Duża strata do pierwszego (wygrał M.Kowal) oraz strata miejsca w sektorze. Jakiś taki przytkany byłem na początku. Potem trochę się rozkręciłem, ale wyraźnie traciłem na zjazdach.
Początek nawet niezły, ale potem przekombinowałem. Guma na zjeździe, zmieniana jak w zwolnionym filmie i decyzja o wycofaniu, chyba słuszna, bo okazało się, że niezależnie uszkodziła się też rama 😮 (mini-relacja).
Mimo, że uzyskałem najwyższe w tym roku tętna, zarówno maksymalne jak i średnie to nie byłem w stanie nawiązać walki ze znajomymi. Odjechali mi Królik, Szaman, Miki, lukcio… a po porównaniu czasów wyszło, że RB (masters, M4) też. Do tego dostałem dubla i nie mogłem pojechać 5-tego kółka. Ale zabawa była fajna, atmosfera też - w końcu wszędzie dookoła (prawie) same znajome twarze, a trasa ciekawa i wymagająca.
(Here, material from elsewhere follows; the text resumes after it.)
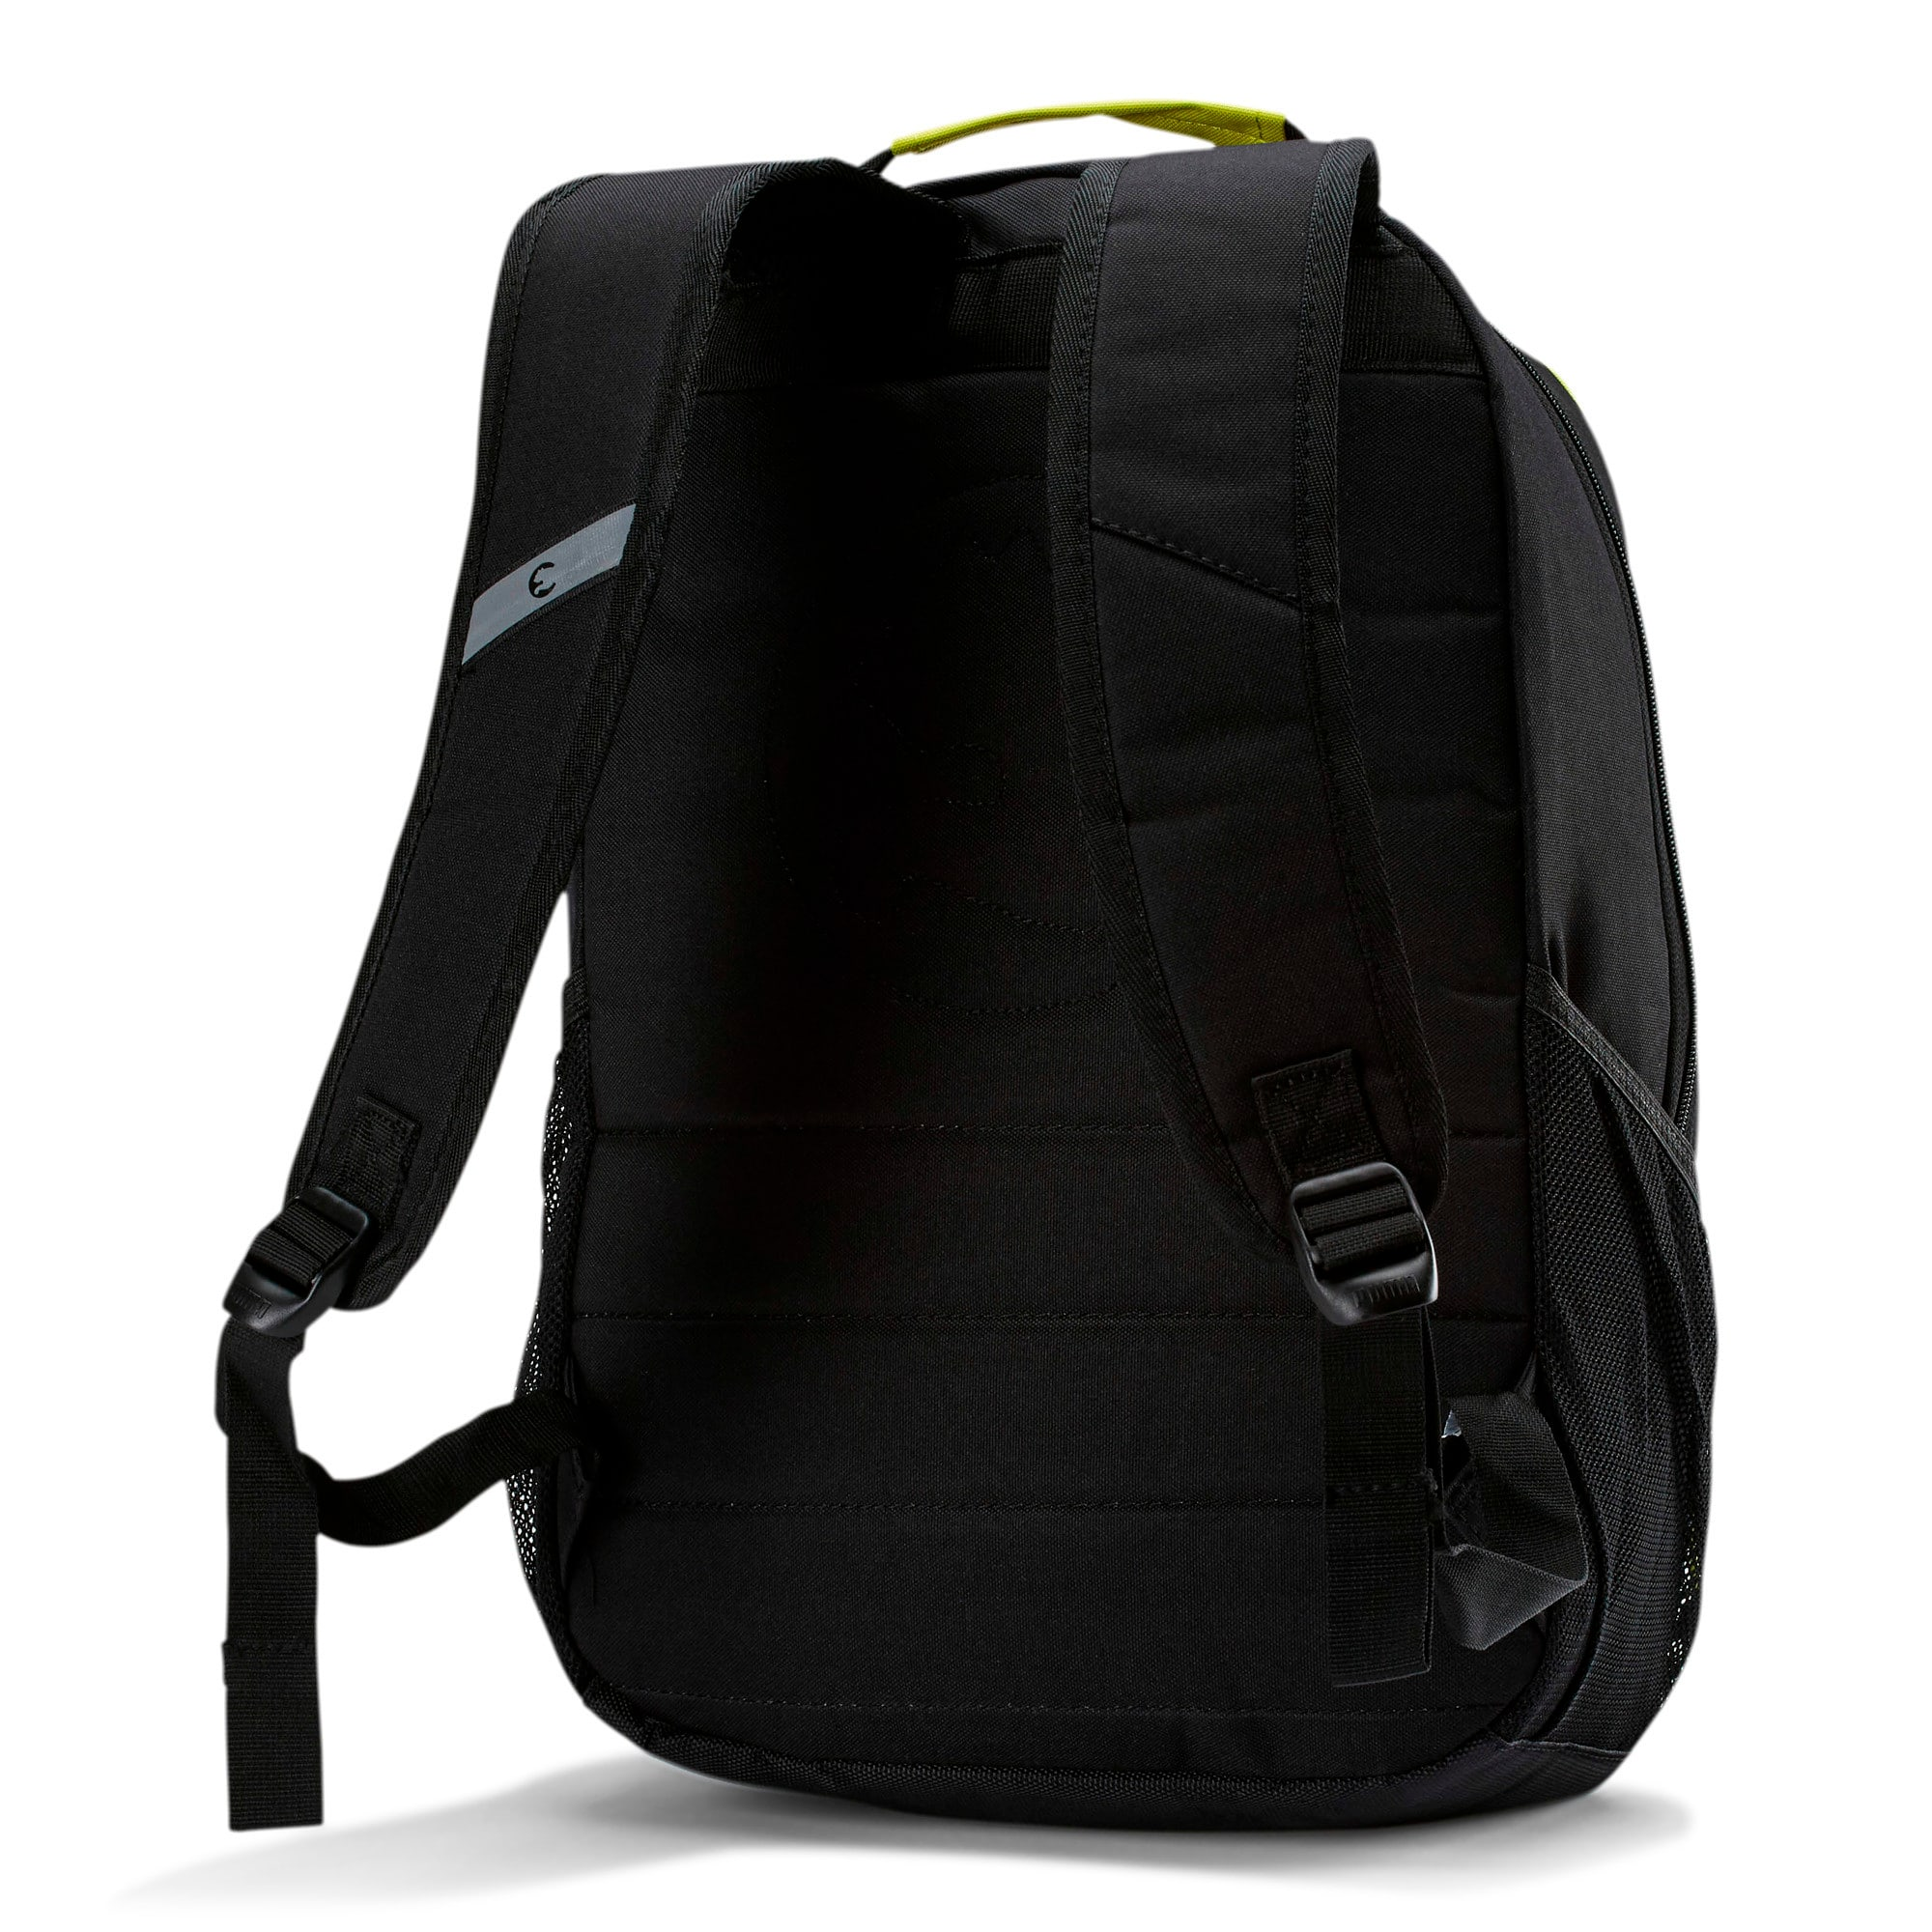 Thumbnail 2 of ProCat Game Day Backpack, BLACK, medium

Lepsze miejsce niż w Karpaczu, ale i mniejsza frekwencja. To co cieszy, to urwanie 2min, względem zeszłorocznego czasu, mimo gorszych warunków (gęsta mgła, duża wilgotoność, parujące okulary, chwilami deszcz). A dzięki temu, że zwycięca się za bardzo nie spieszył również utrzymanie sektora. Pełna relacja z walki na trasie (długa).
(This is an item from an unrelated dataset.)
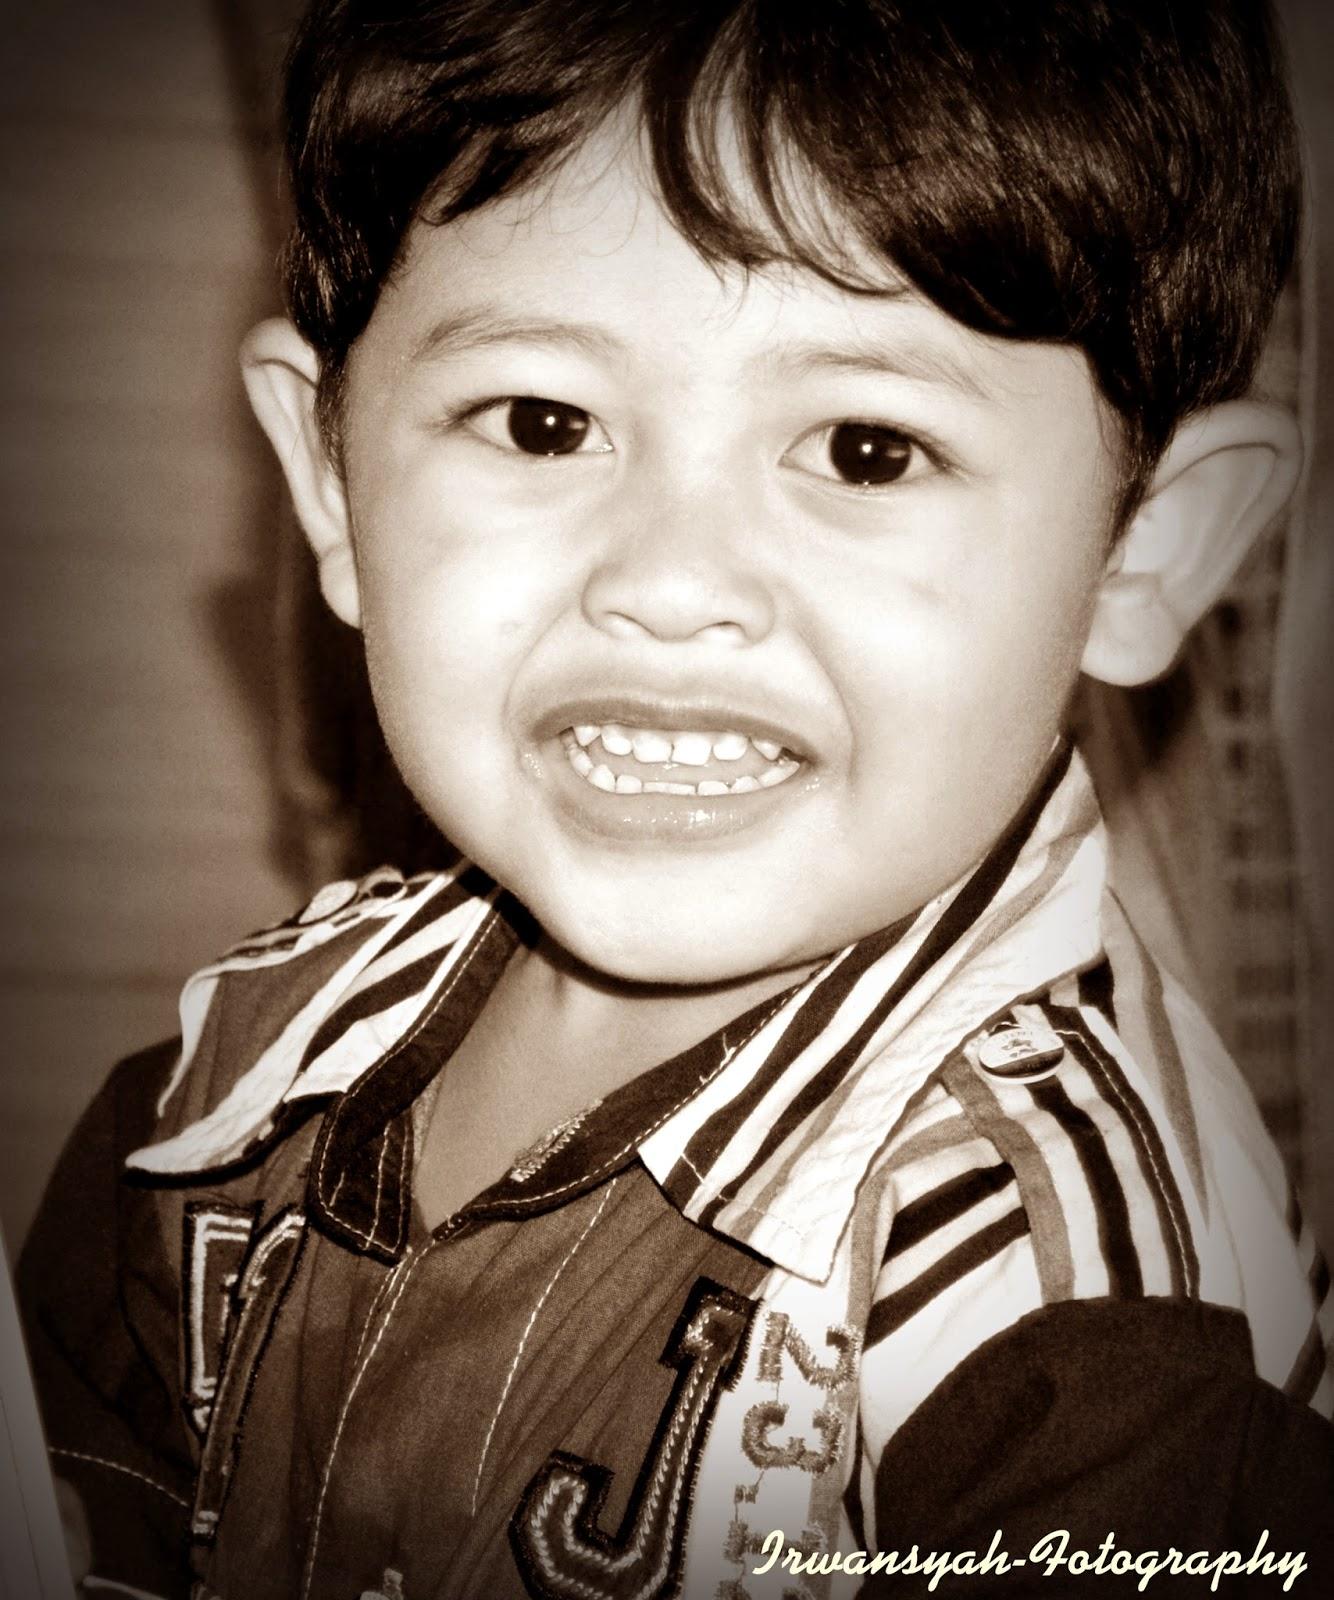 IRWANSYAH PHOTOGRAPHY Anak Kecil Yang Lucu

W górach wyszło, kto zimą trenował, a kto nie. Koszmarnie duża strata do pierwszego. Więcej we wpisie.
Choć się tego nie spodziewałem start wypadł bardzo dobrze. Płaska, łatwa trasa i jazda w grupach pozwoliły zatuszować braki w przygotowaniach. Bardzo optymistycznie nastrajający wynik. Relacja.